Description tinozzo123 2022-07-09 10:00:02 UTC
The behavior of the Nintendo Switch Pro Controller player LED on Linux is this: the first time it's connected the first led turns on, the second time it's connected the first two LEDs (not just the second) turn on, the third time the first three LEDs (not just the third) turn on, the fourth time all LEDs (not just the fourth) turn on, and then it cycles back to the beginning.

This is completely different from the behavior when connected to the Switch console, where only one player LED ever turns on, and it's the one associated with the player (first LED for player one, second LED for player two...), not the number of times it's been connected.

It seems that joycond, a userspace daemon, does fix this, but there shouldn't be the need of using a daemon for something simple like this.

I don't know if from the kernel it's possible to get the "player number", but it would still be an improvement to only have one LED turning on.

Tested on a Pro Controller 050000007e0500000920000001800000, don't own a Joy-Con (both are managed by hid-nintendo).

Finally, this is just my opinion.
Comment 1 tinozzo123 2022-07-10 20:05:06 UTC
I gave a look to hid-nintendo.c to see why it behaves like this. From what I think I've gathered:

The static variable that controls the LED number is `input_num`.
It increases by 1 (and resets to 1 when it reaches 5) every time after LEDs are initialized (`joycon_leds_create`). It never decreases.
Finally, the reason why multiple LEDs are turned on instead of just one, seems to be in `led->brightness = ((i + 1) <= input_num) ? 1 : 0;` (it's a `<=` instead of a `==`).

Instead of doing this, would it be possible to have a static variable that increases by 1 when a controller is connected (`nintendo_hid_probe`) and decreases by 1 when disconnected `nintendo_hid_remove`? (With the necessary mutexes, of course.)

I don't know how to test kernel stuff, so that's why I'm just leaving this comment.
Comment 2 tinozzo123 2022-07-11 09:26:13 UTC
I just realized that using one global counter would have a problem.
If two controllers are connected, player one disconnects, then a controller is connected, they will both be "player two" according to the leds.

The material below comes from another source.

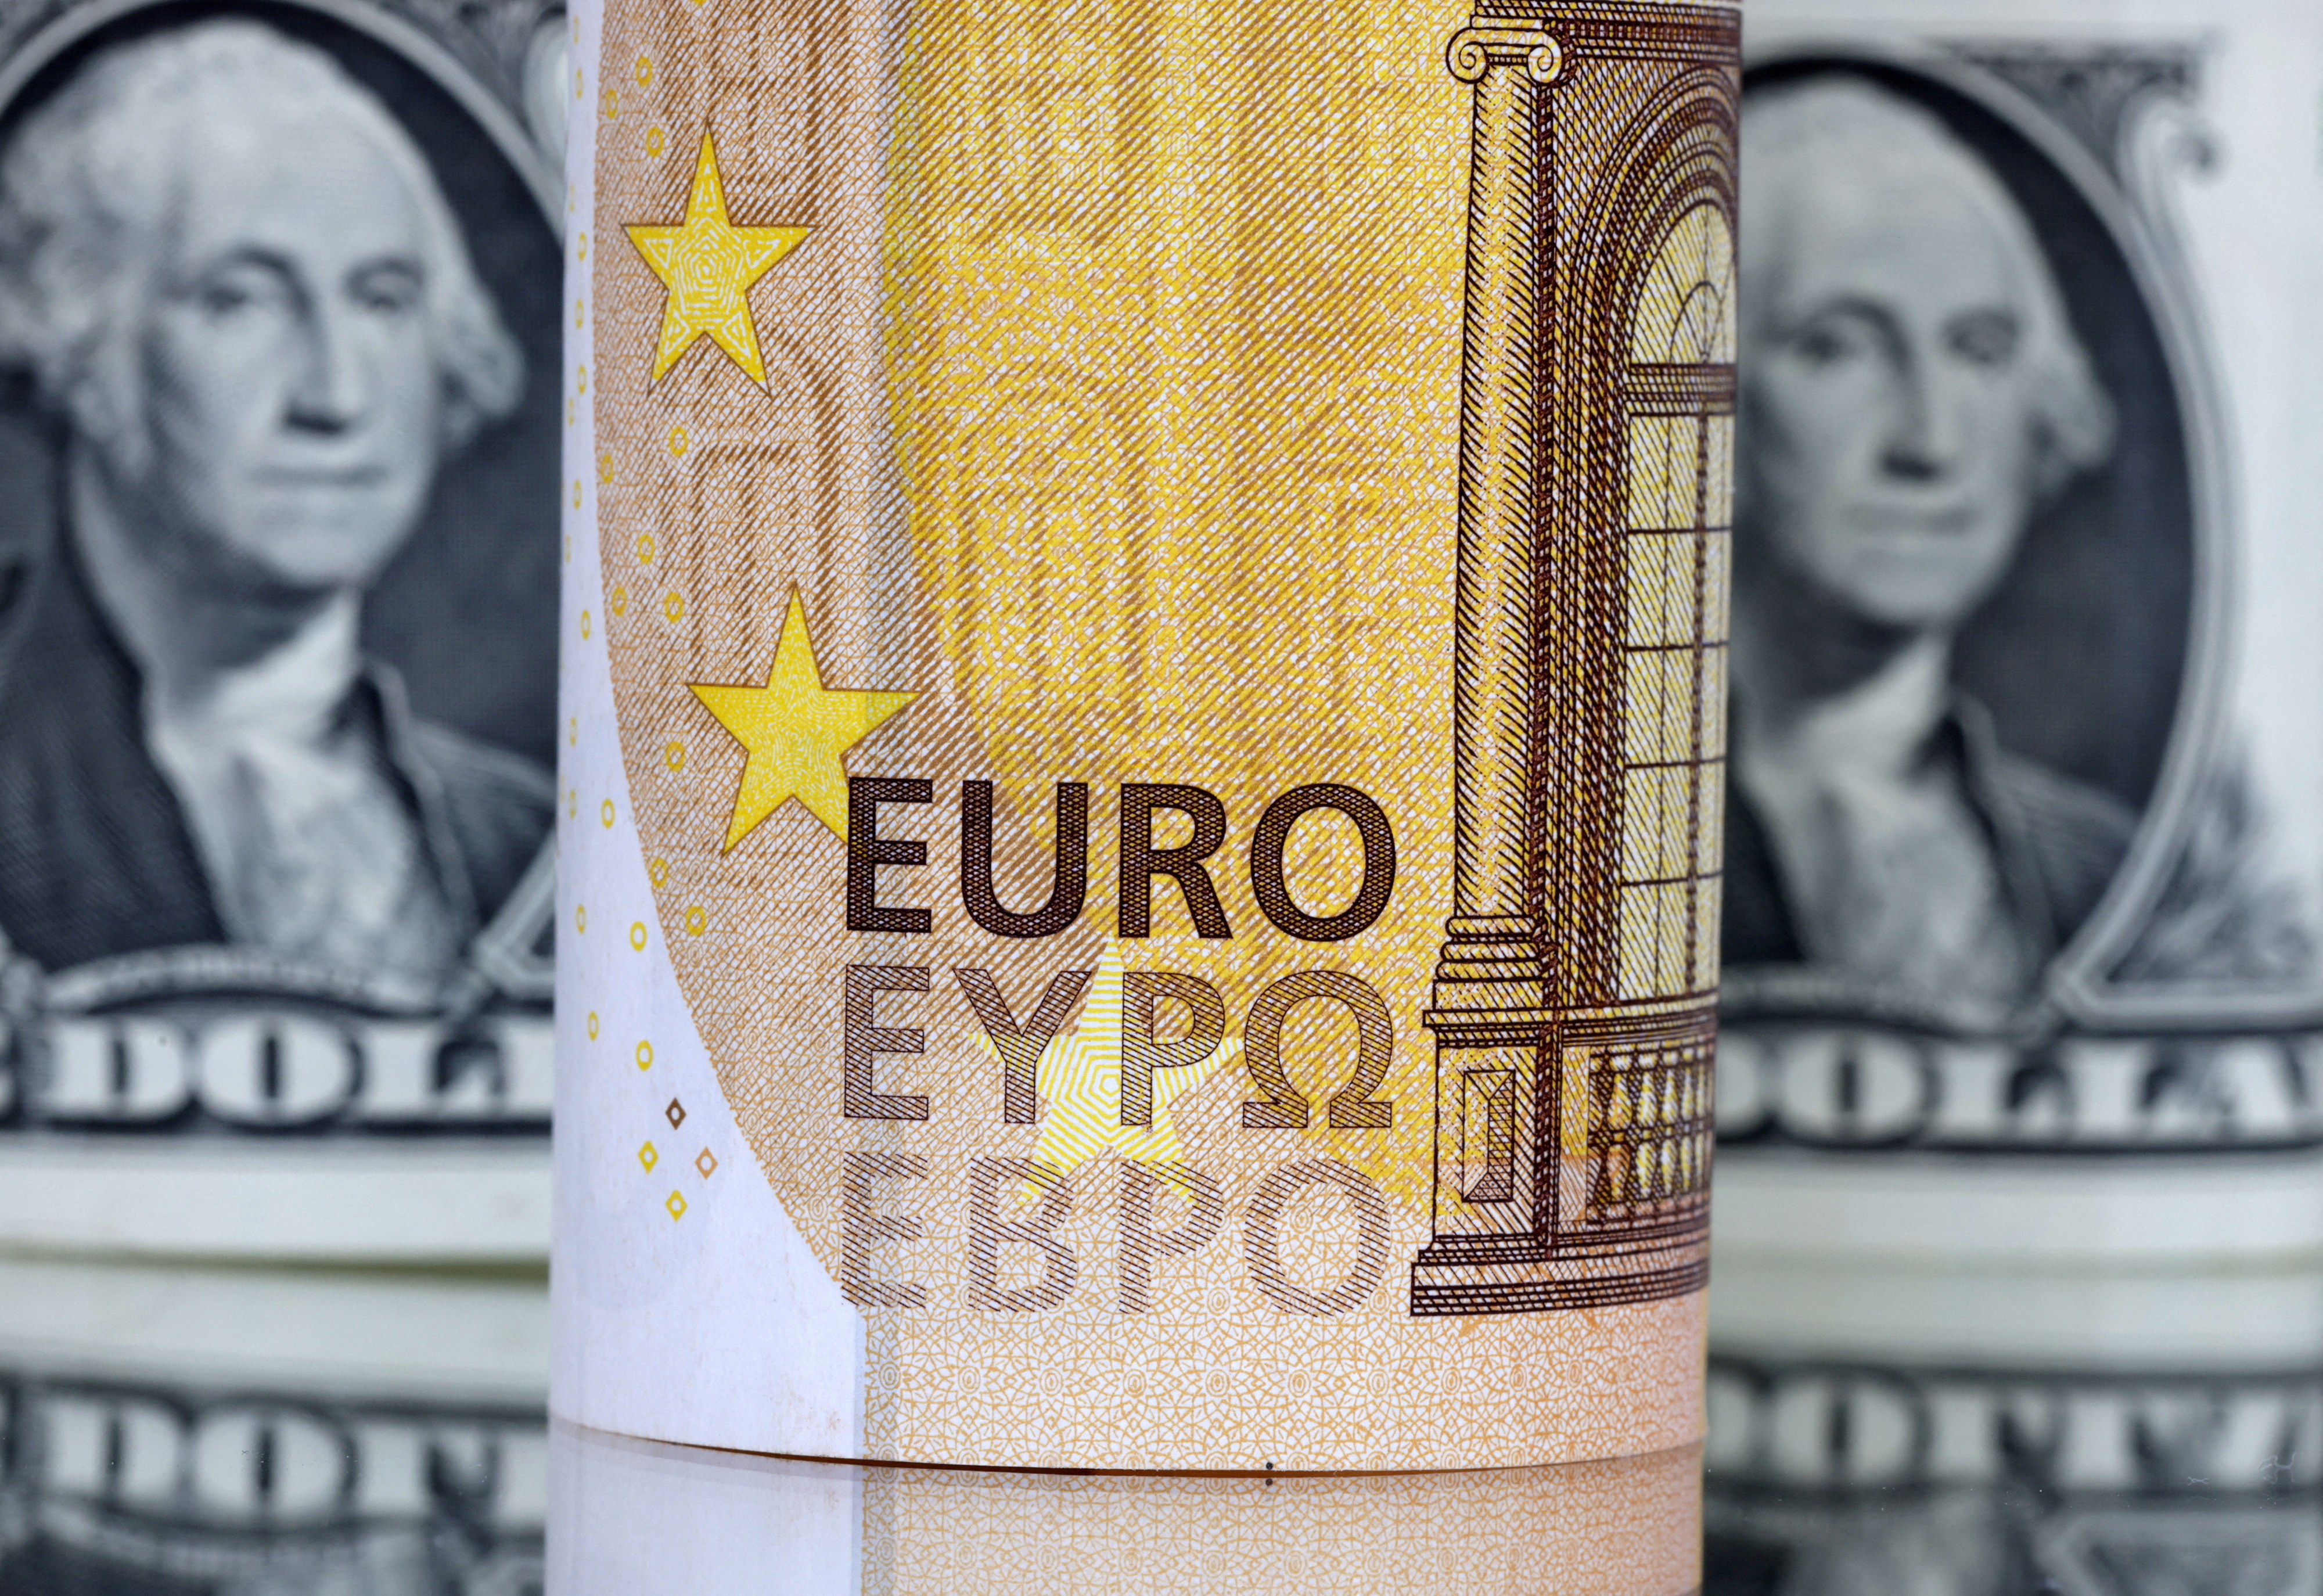 Euro extends fall to 12-year low as bond yields drop further

The solution would be to store the controllers in a list, and when a controller disconnects either:
 - All the player of a higher number will shift to the left, and the leds updated accordingly;
 - Leave an empty slot. When a controller is connected, it takes the first empty slot available (this is what's done on the Switch console).
Comment 3 nf.pereira 2022-10-31 22:50:43 UTC
Yes, any of those 2 solutions would be better than the current implementation IMO.